Moons, Mulligans & Meetings

John Friel

As I type, four noteworthy events are recent history.

The biggest is the 50th anniversary of the Apollo 11 lunar landing. Speaking for everyone who was alive then (yes, I’m authorized), I can attest that it doesn’t seem possible that it was THAT long ago. But it was. We really are that old.

Next comes the British Open golf tournament, played in Ireland for the first time in decades. Numbers three and four are more at home in a hort publication: Cultivate’19 in Columbus and the Perennial Plant Association’s National Symposium in Chicago. Let’s start on the moon and work our way down.

Everyone within a decade or so either way from my age recalls where we were when man first set foot on the moon. It was a defining moment, one that united a world at odds with itself.

The audacious act of landing earthlings on the moon and returning them safely home ranks to many as mankind’s greatest achievement. That day, people around the globe felt a kinship that transcended geography and politics. George Will called it “a global sense of humanity's common destiny.”

We gazed upon the moon with new eyes; it seemed that, yes, a space-suited Neil Armstrong, standing a quarter of a million miles away, represented us all when he said, “the Eagle has landed,” then took “one giant leap for mankind.” Half a century on, those simple words still reverberate with a power that stirred, and stirs, strong emotions.

Three missions later, astronaut Alan Shepherd snuck a club onboard and added three golf balls to our lunar legacy. Which makes a tenuous segue to our next event.

In the British Isles where it was born, golf is no mere sport. It’s more like a religion and the Open is its defining moment. It is to golf what Easter is to Christianity. Winners occupy a special place in the hearts of the faithful every year, but the 148th edition was extraordinary. It was the first time since 1951 that the tournament was played anywhere but mainland England and an Irishman won it.

The Royal Portrush course is located in Northern Ireland, the six-County corner that considers itself part of England. Shane Lowry hails from Ireland, a.k.a. the Republic of Ireland, the nation that occupies all the rest of that tragic, glorious island. To many, that meant he’s from the wrong side of the divide. It didn’t matter.
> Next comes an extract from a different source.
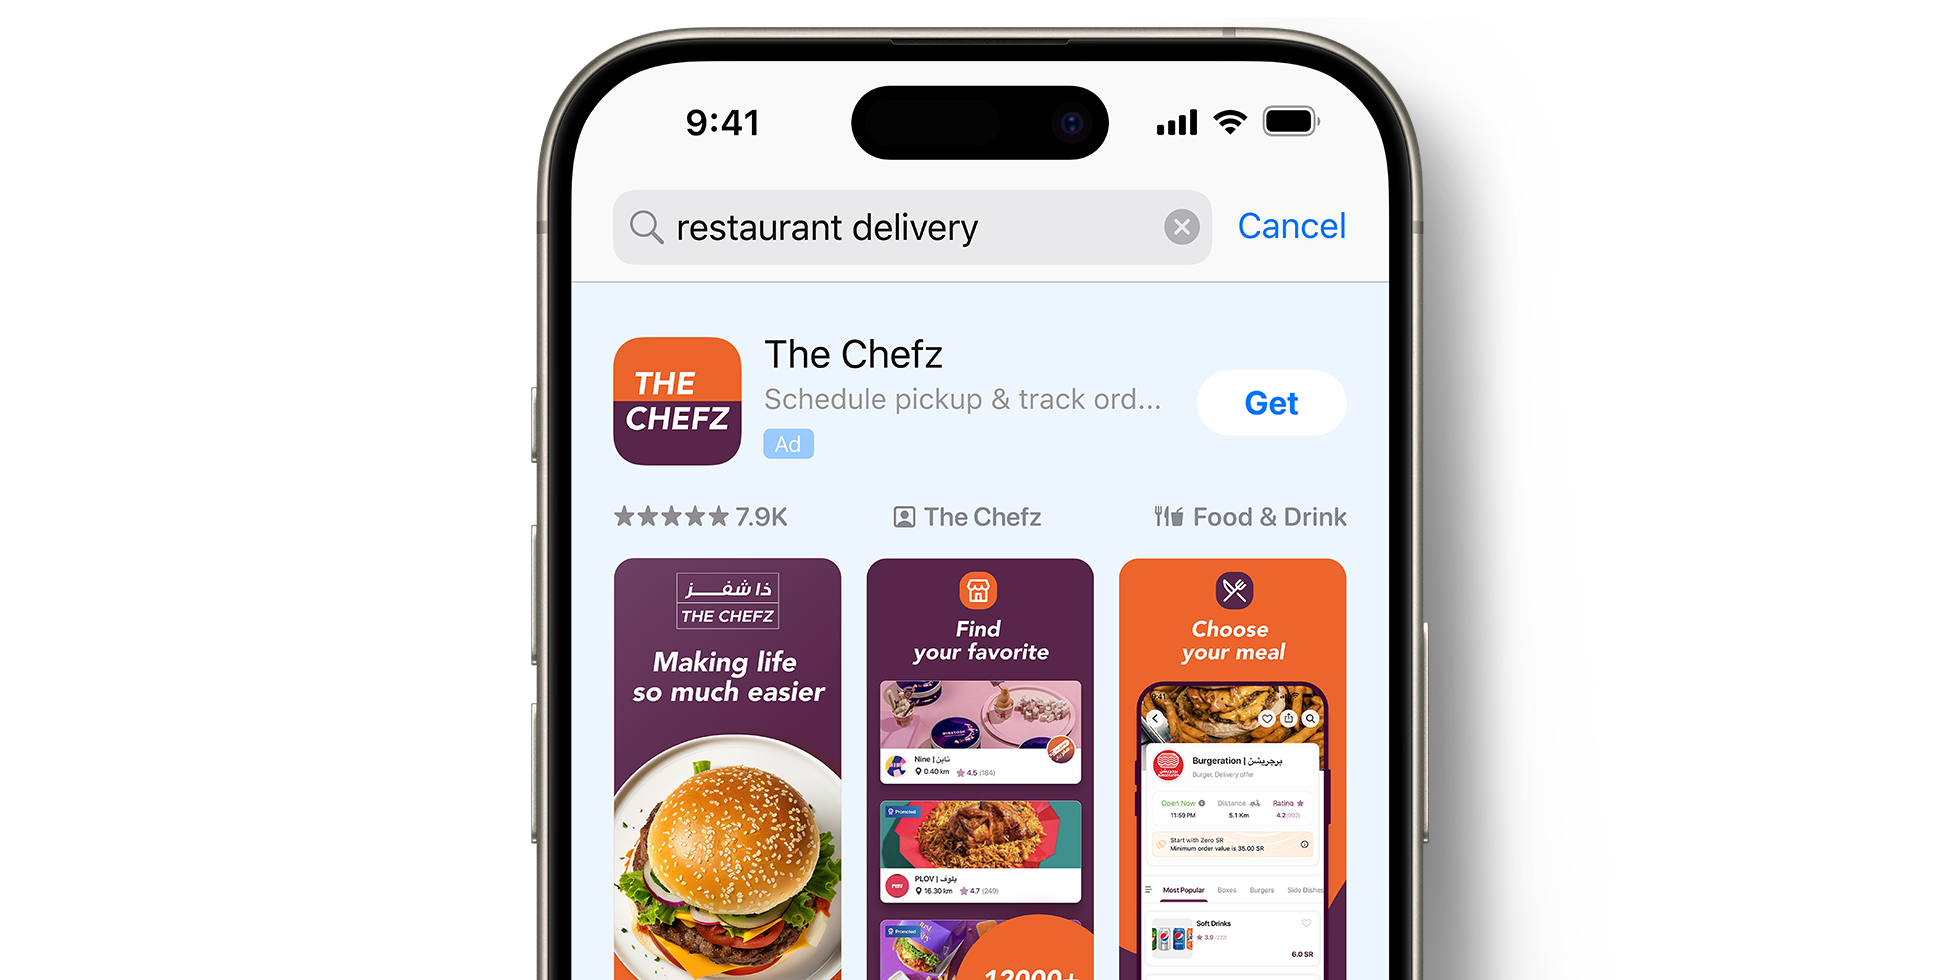 Anzeige für die App „The Chefz“ im App Store

Alistair Tait wrote in Golfweek, “Lowry carried the hopes of an entire island ... and delivered.” His dominant, ecstatic victory erased that infamous invisible line and, for a brief shining moment, united two bitterly divided nations. Both Irelands hung on his every shot, rejoicing as one when he hoisted the sacred claret jug. The Troubles were, briefly, forgotten.

Which brings us from the greens to the green industry.

Cultivate and the comparatively tiny PPA Symposium both bore out the words of nurseryman Alan Jones. “There aren’t many industries that will share information about what you do and how you do it,” Alan said. “Your major competitor can be one of your best friends.”

Compared to the cosmic aura and international implications of the first two events, horticultural conferences may seem small potatoes. But which of these phenomena has the greatest impact on your, and my, everyday life?

Sports heroes come and go. No one on earth has seen fit to return to the moon. But lasting lessons are learned and real relationships forged when an industry comes together, when competitors stand together and recognize one another as colleagues. Eye-to-eye and hand-in-hand beats toe-to-toe and head-to-head every time. GP

John Friel is marketing manager for Emerald Coast Growers and a freelance writer.